By the end of the hike while we were walking back home Stark was walking side by side with us. My friend and I with Stark in the middle. This is someone he has only met once for a brief time almost a year ago. I am so proud of him.

*2*

Later on this afternoon I took Stark to the park to play ball. He was on his long (100') lead because we were in the middle of the park where leashes are required.

A kid about 10 came running into where we were, so I quickly called Stark back to me. Before Stark would start barking like a maniac, not only because this kid was running right at him but because he was nervous of children.

Nope, not today. I got tail wagging, head high, wanting to say hello Stark! Hello, is this my dog?! 

The kid's parent came around the corner and asked if Stark could say hello. I had him on his short leash by now and he seemed relaxed so I gave them both treats to give to him and we said hello. The kid was petting Stark all over his back and even played ball with him for a few minutes.

Stark was completely at ease, calm and totally the "perfect GSD". The kid's dad was super impressed with Stark and kept asking questions about his training and kept commenting on how well he was socialized.

*3*

Tonight while walking into the apartment building with Stark's bestest doggy friend after their nightly potty/play/training session another dog rounded the corner. It's a new dog whom we have not met before and this dog went nuts, barking, growling, snapping and foaming at the mouth - it meant buisness and wanted our boys.

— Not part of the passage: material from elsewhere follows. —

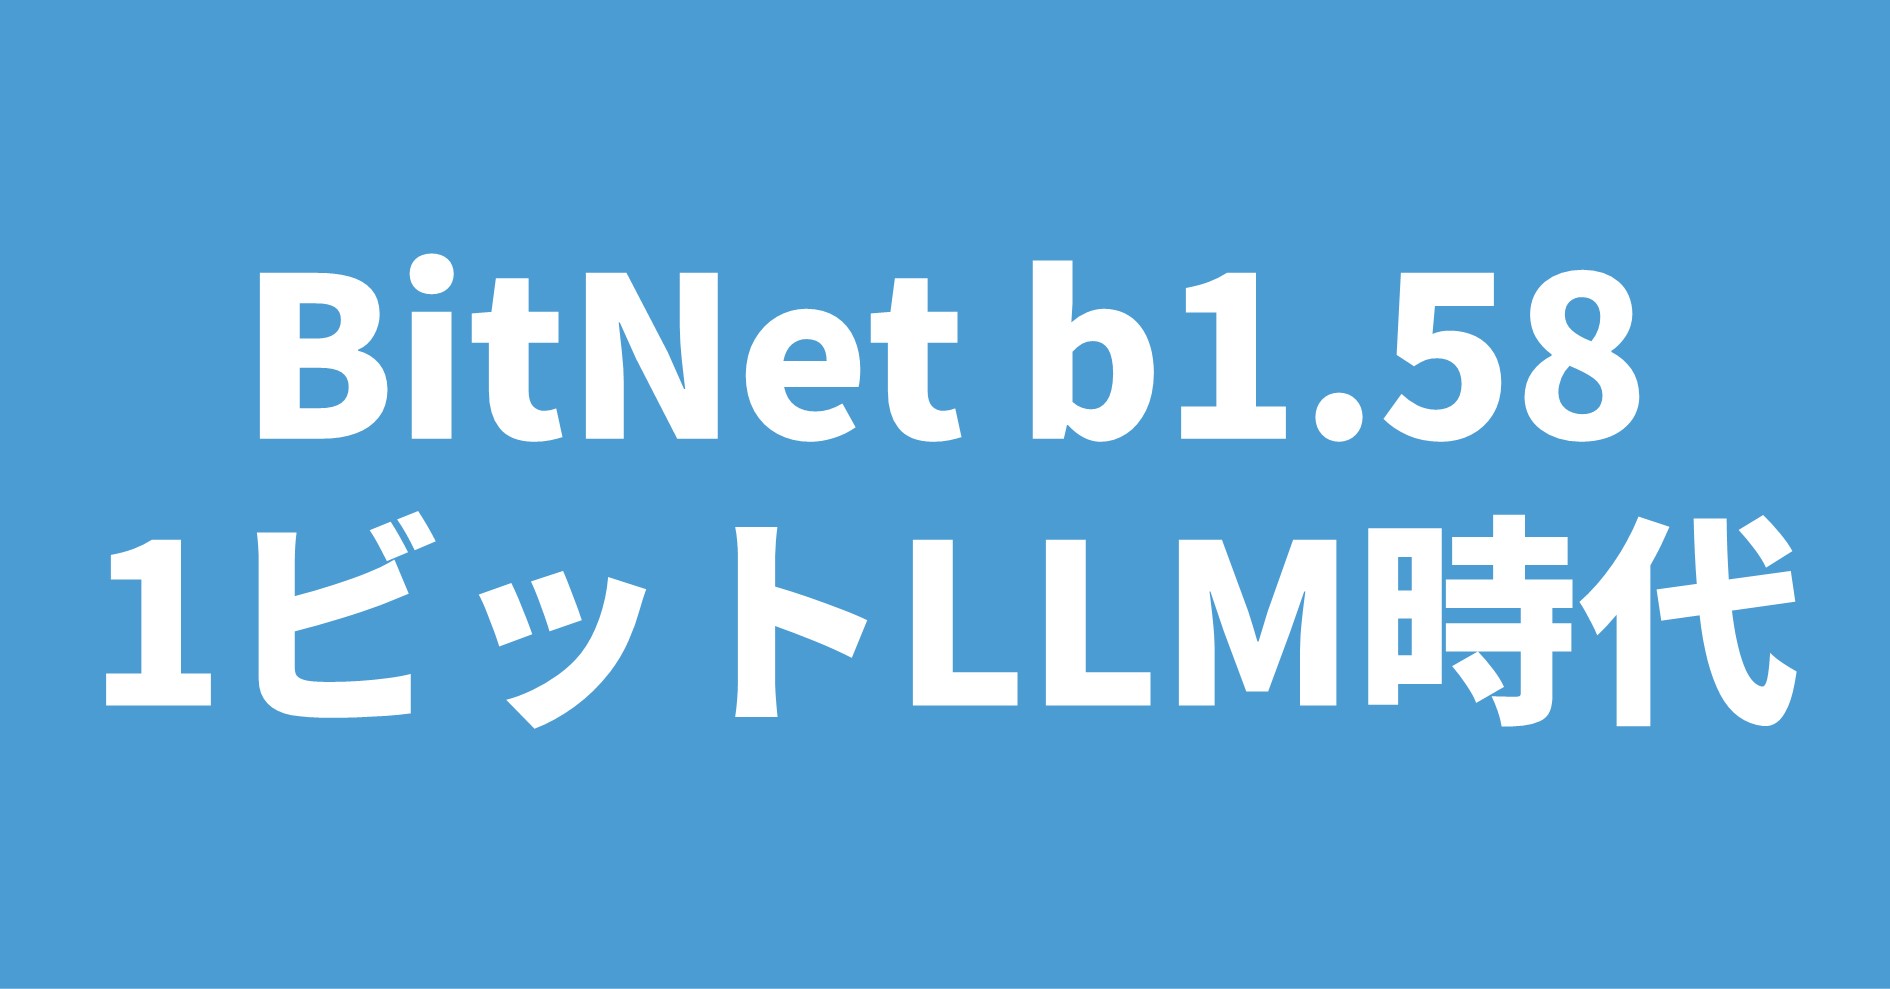 BitNet b1.58 1ビットLLM時代

I put Stark on the opposite side of the on-coming dog (not anywhere for us to really go at this point) and told him to sit. He sat, and totally ignored the other dog.

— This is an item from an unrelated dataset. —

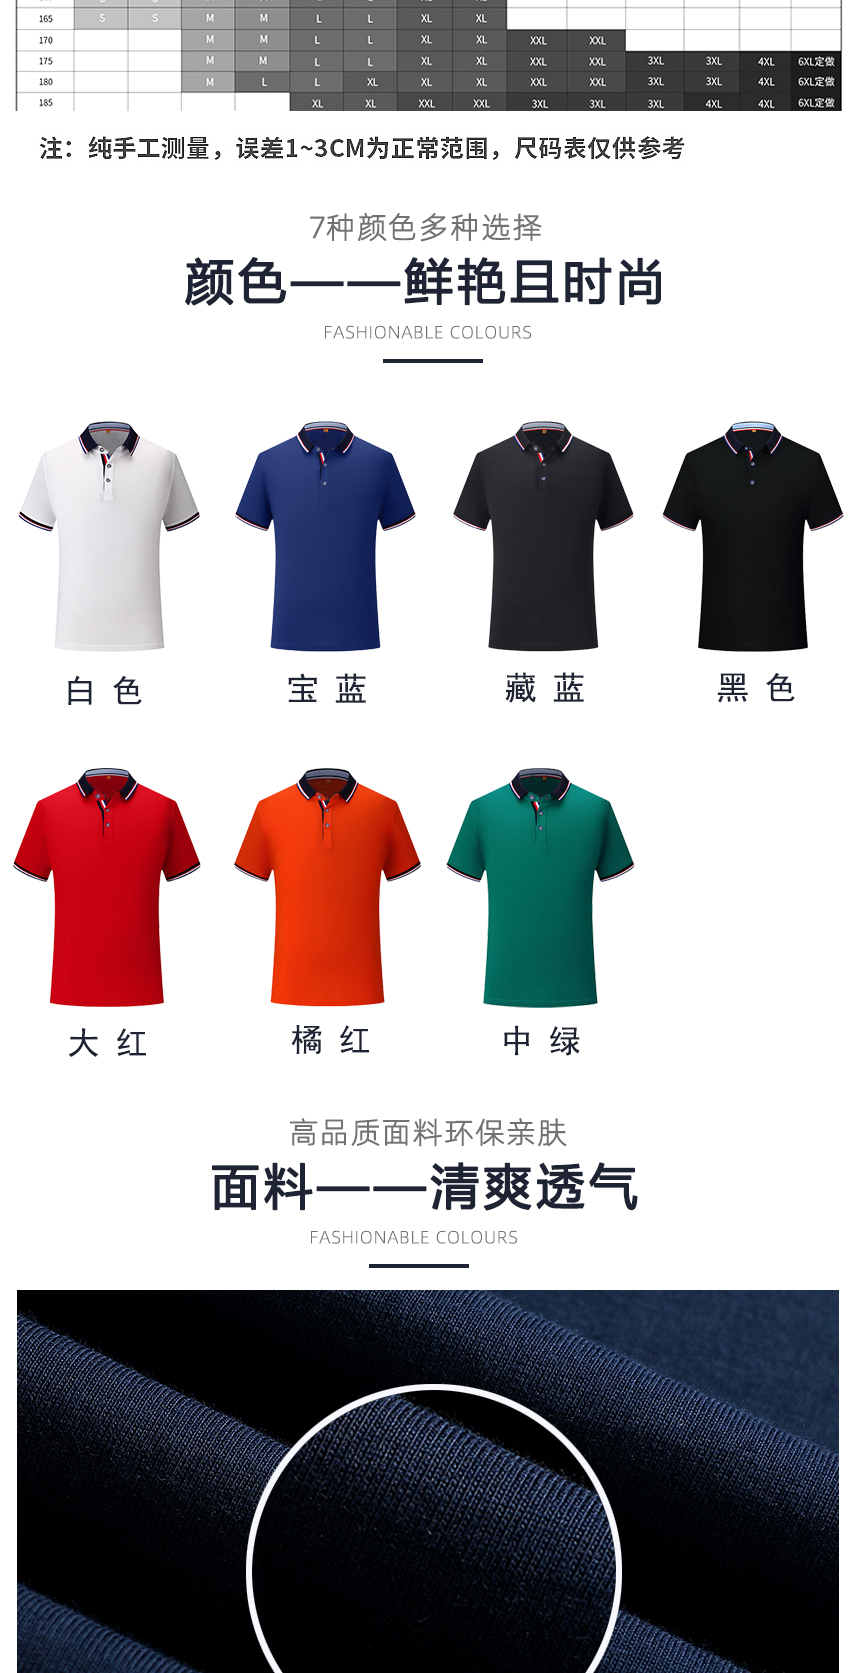 纯棉t恤衫同款不同颜色款式展示，纯棉t恤衫精选优质面料

As the guy went out and we continued on to the elevators the guys said to his dog, "why can't you be like them?"

I wish we were closer so I could tell the guy, "he can be "like them" if you would be "like us" and help your dog learn how to be like them" but he was too far away at this point.



I am just so shocked, amazed and so very very very proud of Stark and his behaviour lately. It feels like all of our hard work is paying off. He is turning into such a great dog.

He also was nailing everything today in training. This dog is impressing me every day! Gosh I love that boy! :wub:


----------



## Good_Karma (Jun 28, 2009)

Stark is a rock star, but it's you who made him that way. Congratulations!


----------



## gsdraven (Jul 8, 2009)

Good_Karma said:


> Stark is a rock star, but it's you who made him that way. Congratulations!


I was trying to figure out how to say exactly this. Leah did it much better than I could!

:thumbup: Elizabeth and Stark!


----------



## Jason L (Mar 20, 2009)

Good_Karma said:


> Stark is a rock star, but it's you who made him that way. Congratulations!


I totally agree. Fantastic job, Elisabeth!


----------



## FG167 (Sep 22, 2010)

Gah! If I send you Madix can you send him back like that?? Just kidding...mostly.  I hope our work pays off anywhere near as well as yours has. Coming from what you've dealt with, very proud - good job to both of you!!!


----------



## codmaster (Aug 5, 2009)

It really does feel GREAT when they act nice, doesn't it!

BIG CONGRATS!


----------



## Rerun (Feb 27, 2006)

Congrats! It certainly shows you've been working hard with him. He sounds like a great dog.


----------



## CassandGunnar (Jan 3, 2011)

Great job......to both of you.

Are you going to change his name to butter?........'cause he's on a roll.......:rofl:

Sorry, couldn't resist


----------



## DCluver33 (May 27, 2010)

good job!!!!!!


----------